→ **WHAT IS EXPECTED**: Copy the final lines exactly, starting at the one that contains "RCAHMW colour oblique" and ending with the last line of the listing below. Pictures are not part of the copy.

→ **THE DATA**:
■ ■ ■ ■ ■ ■ ■

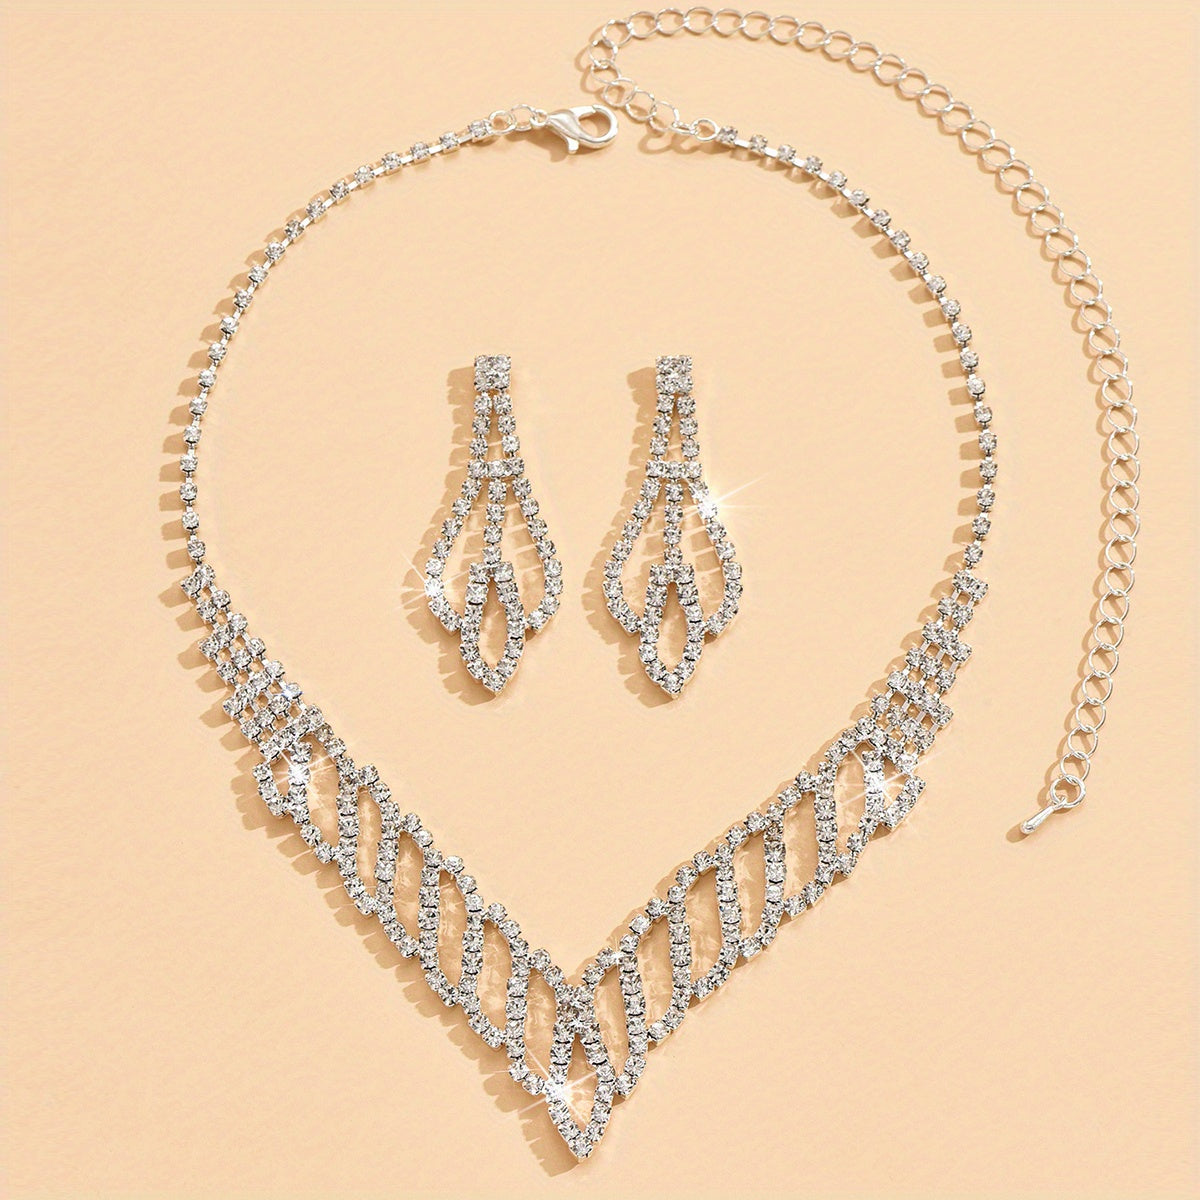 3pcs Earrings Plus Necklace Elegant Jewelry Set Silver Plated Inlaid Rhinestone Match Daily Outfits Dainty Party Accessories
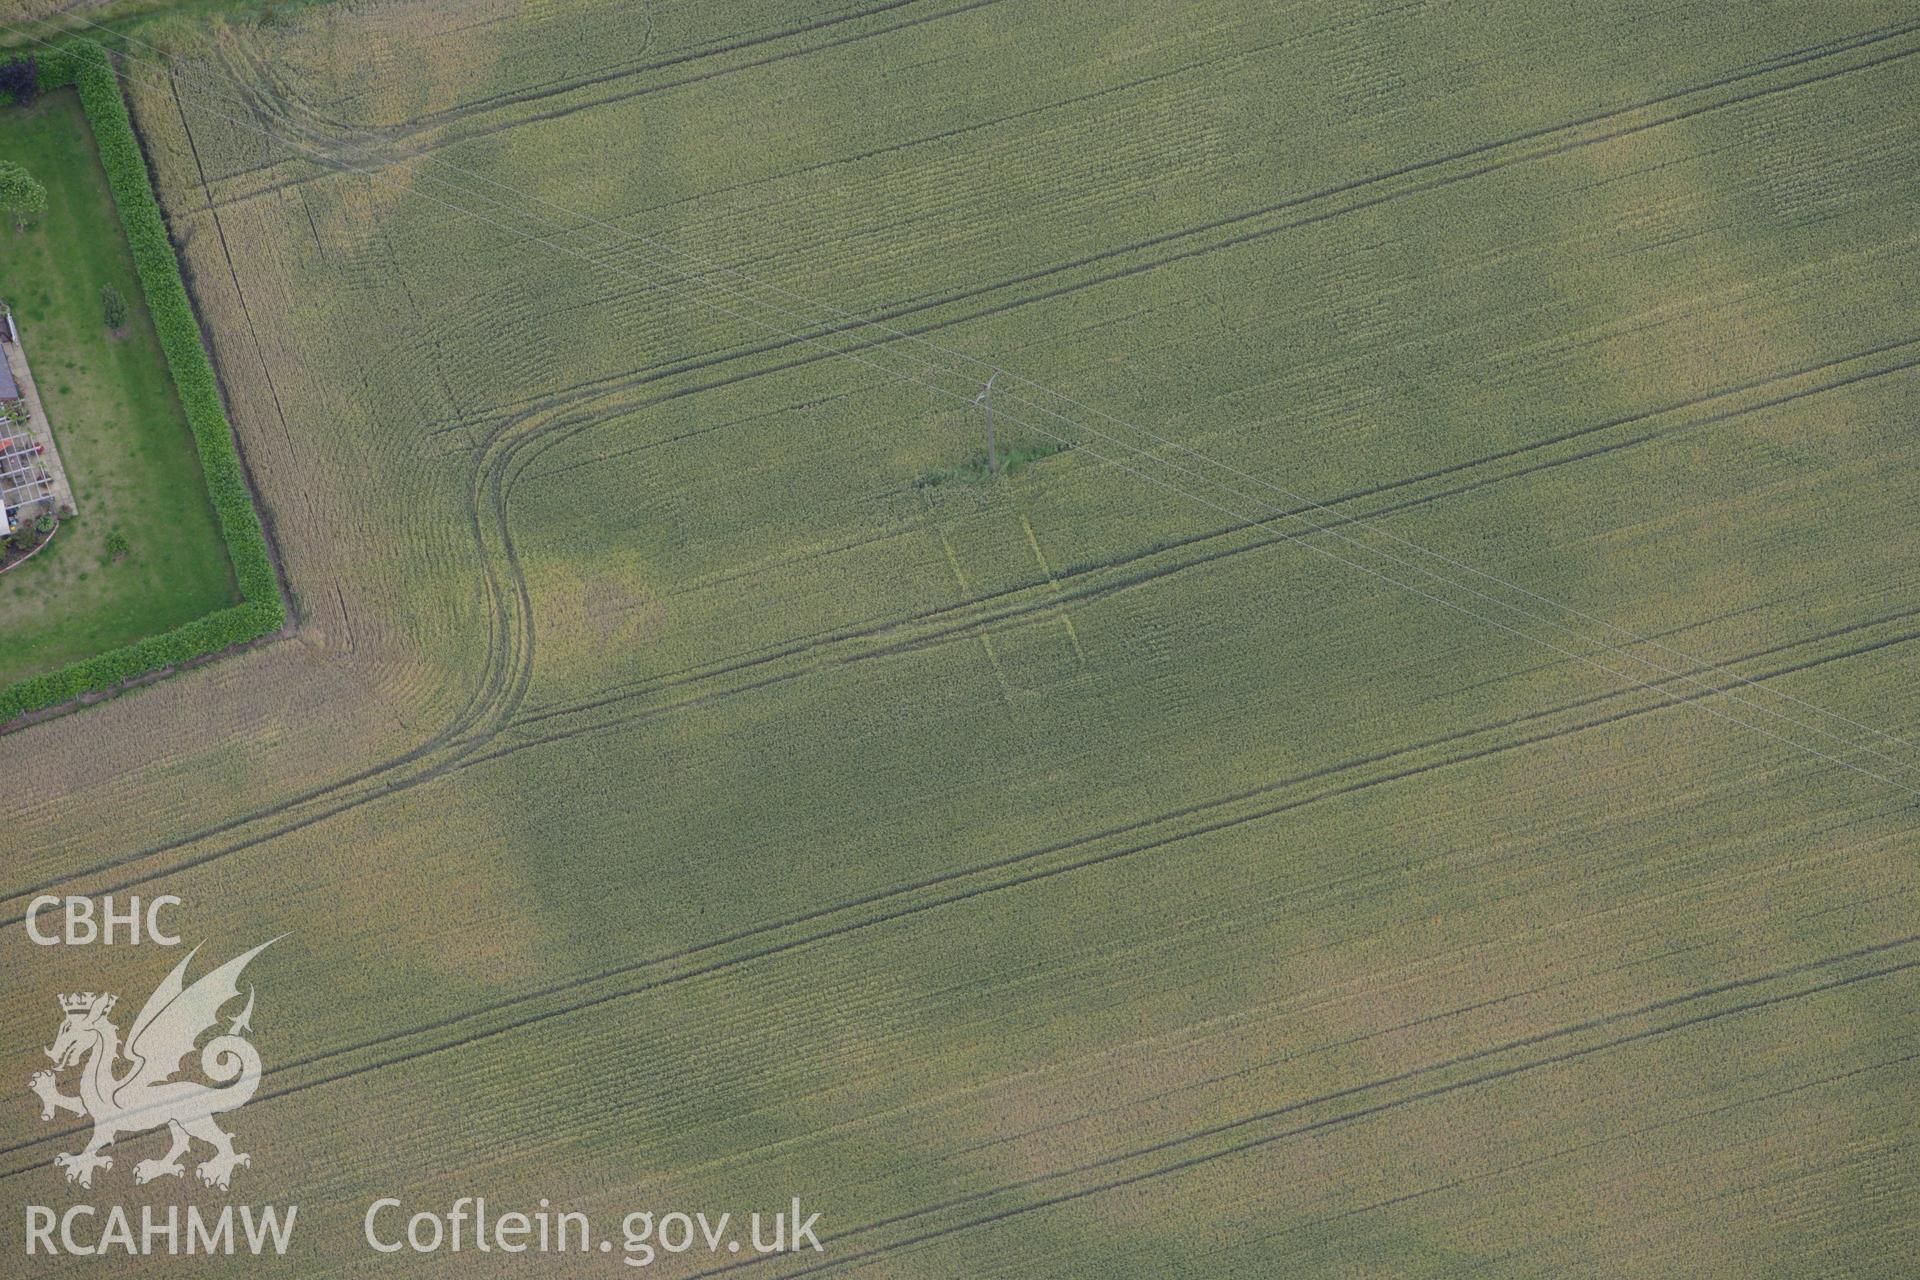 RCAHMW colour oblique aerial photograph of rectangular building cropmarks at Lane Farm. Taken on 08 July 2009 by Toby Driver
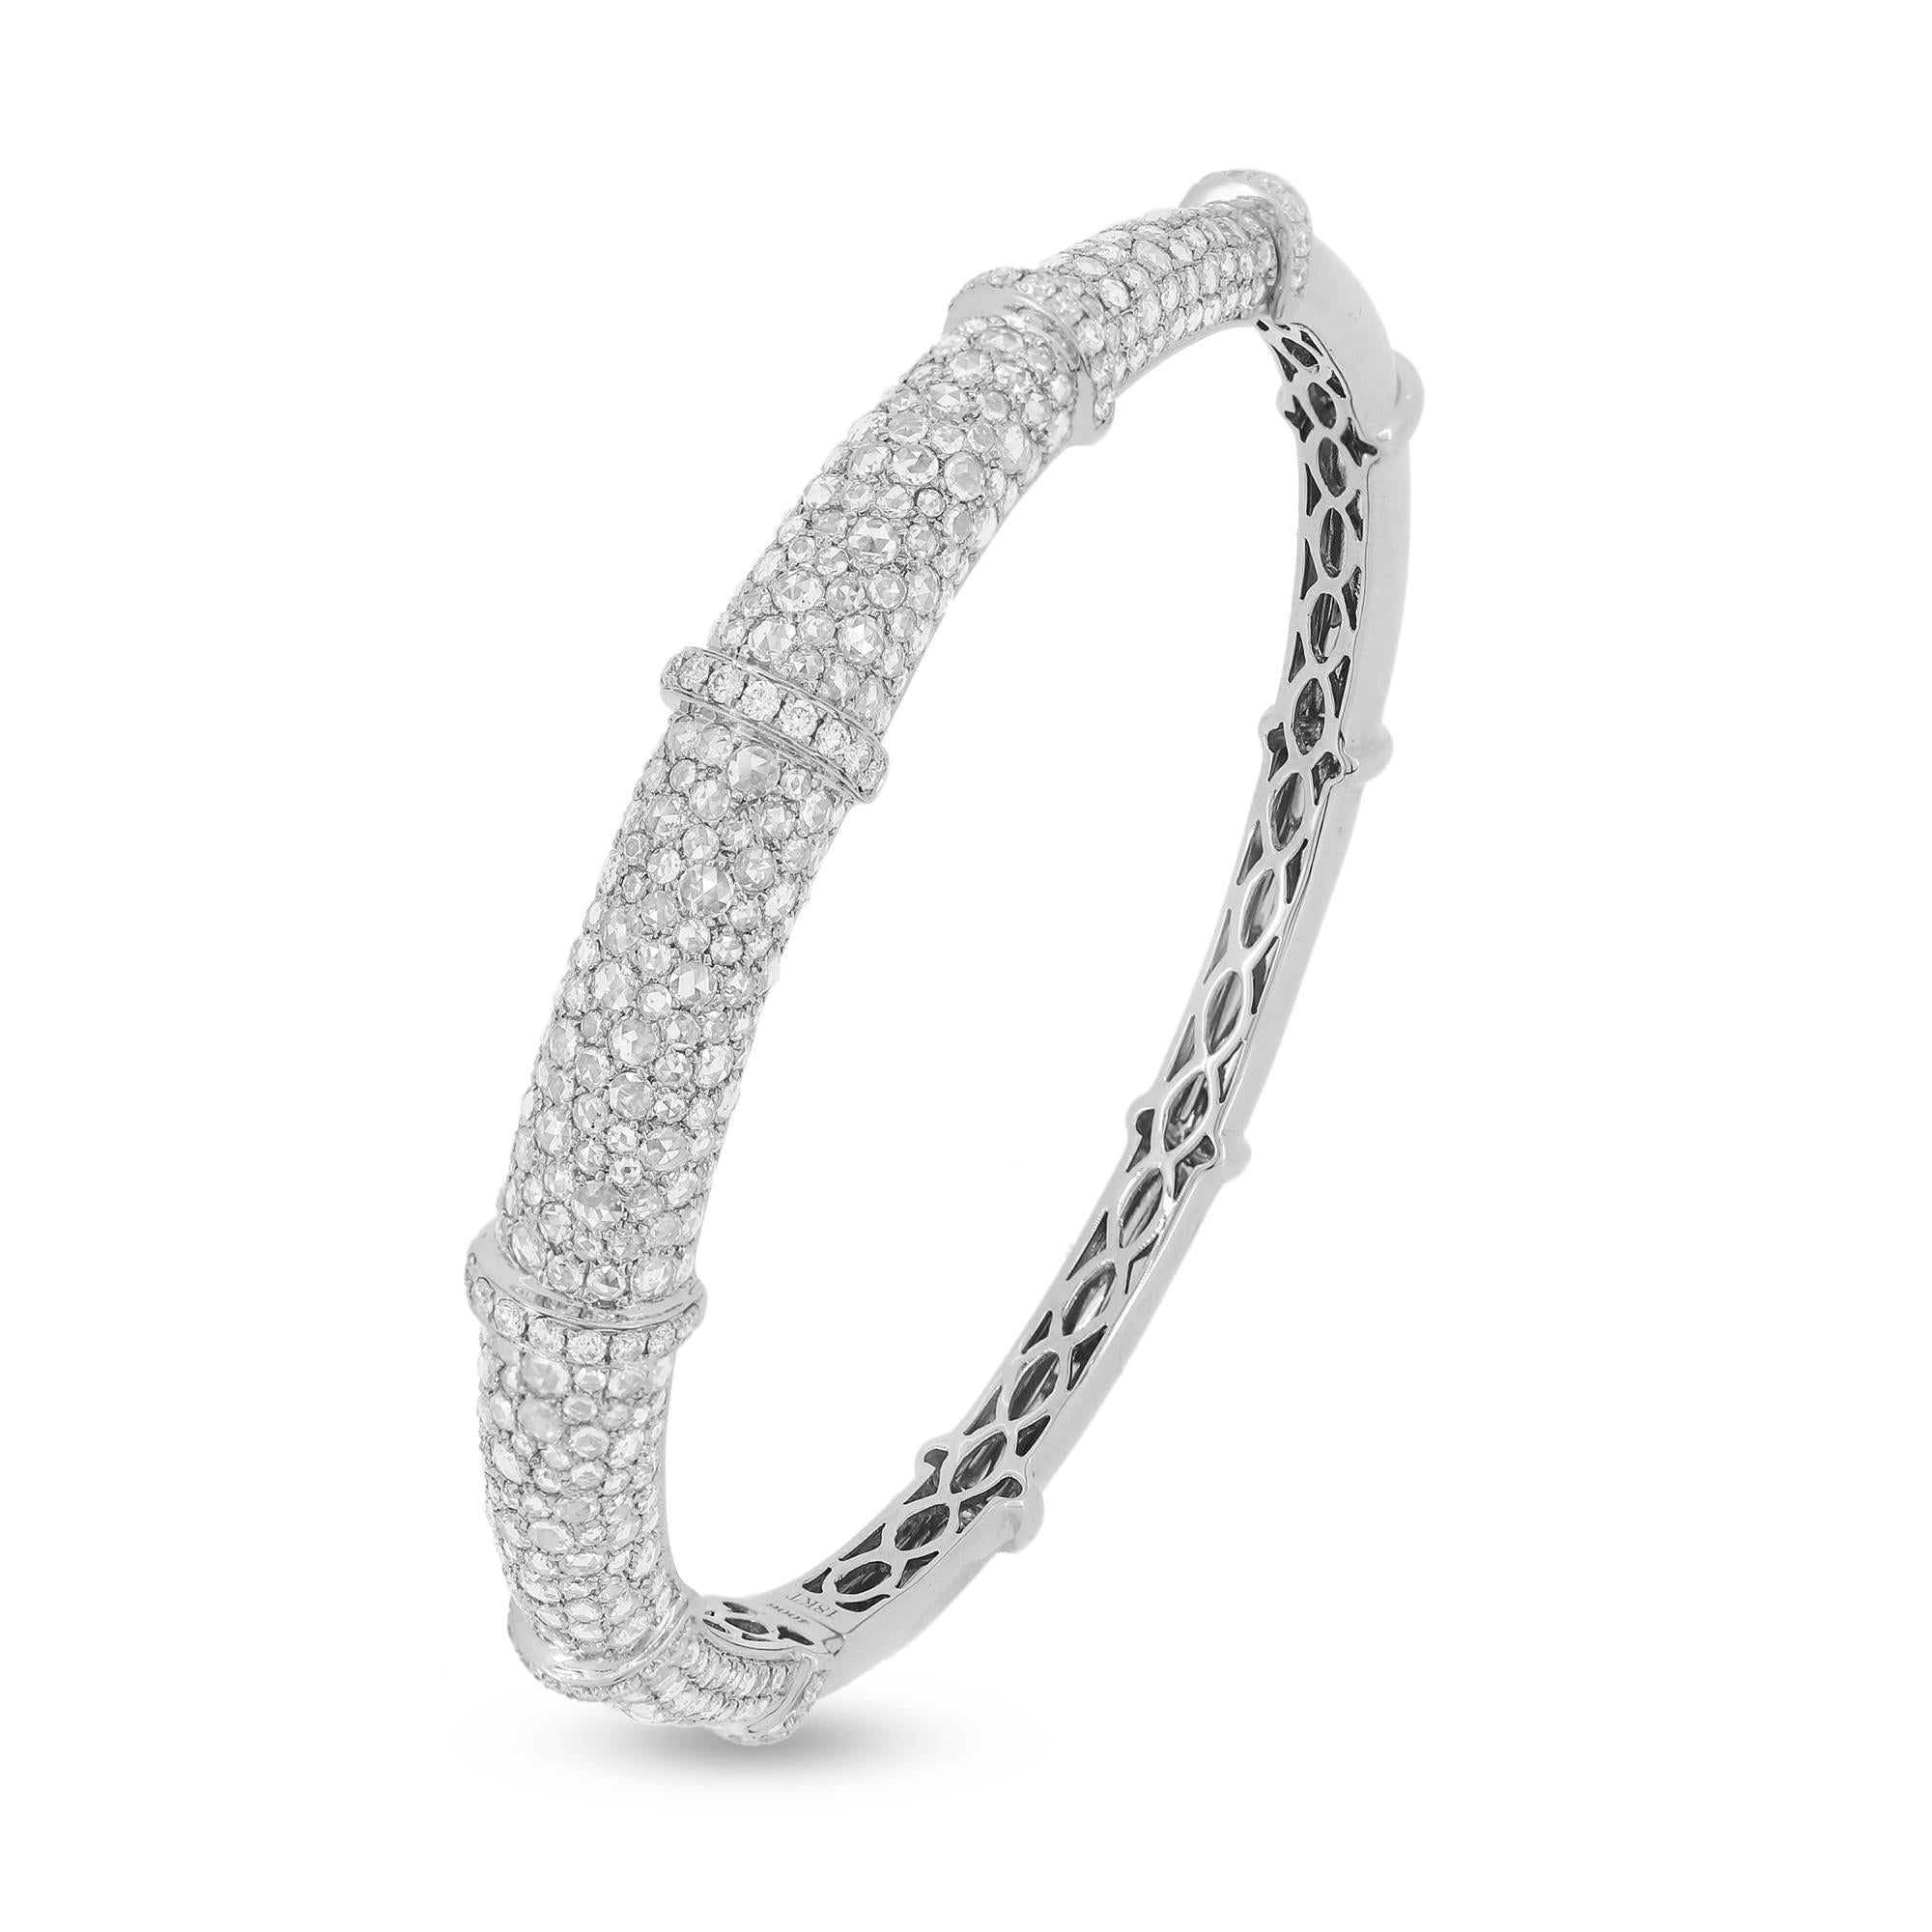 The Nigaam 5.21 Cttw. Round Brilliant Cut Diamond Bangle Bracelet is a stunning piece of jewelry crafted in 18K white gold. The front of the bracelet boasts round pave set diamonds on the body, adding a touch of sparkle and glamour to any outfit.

■ ■ ■ ■ ■ ■ ■

→ **TASK SOLUTION**:
 RCAHMW colour oblique aerial photograph of rectangular building cropmarks at Lane Farm. Taken on 08 July 2009 by Toby Driver
 The Nigaam 5.21 Cttw. Round Brilliant Cut Diamond Bangle Bracelet is a stunning piece of jewelry crafted in 18K white gold. The front of the bracelet boasts round pave set diamonds on the body, adding a touch of sparkle and glamour to any outfit.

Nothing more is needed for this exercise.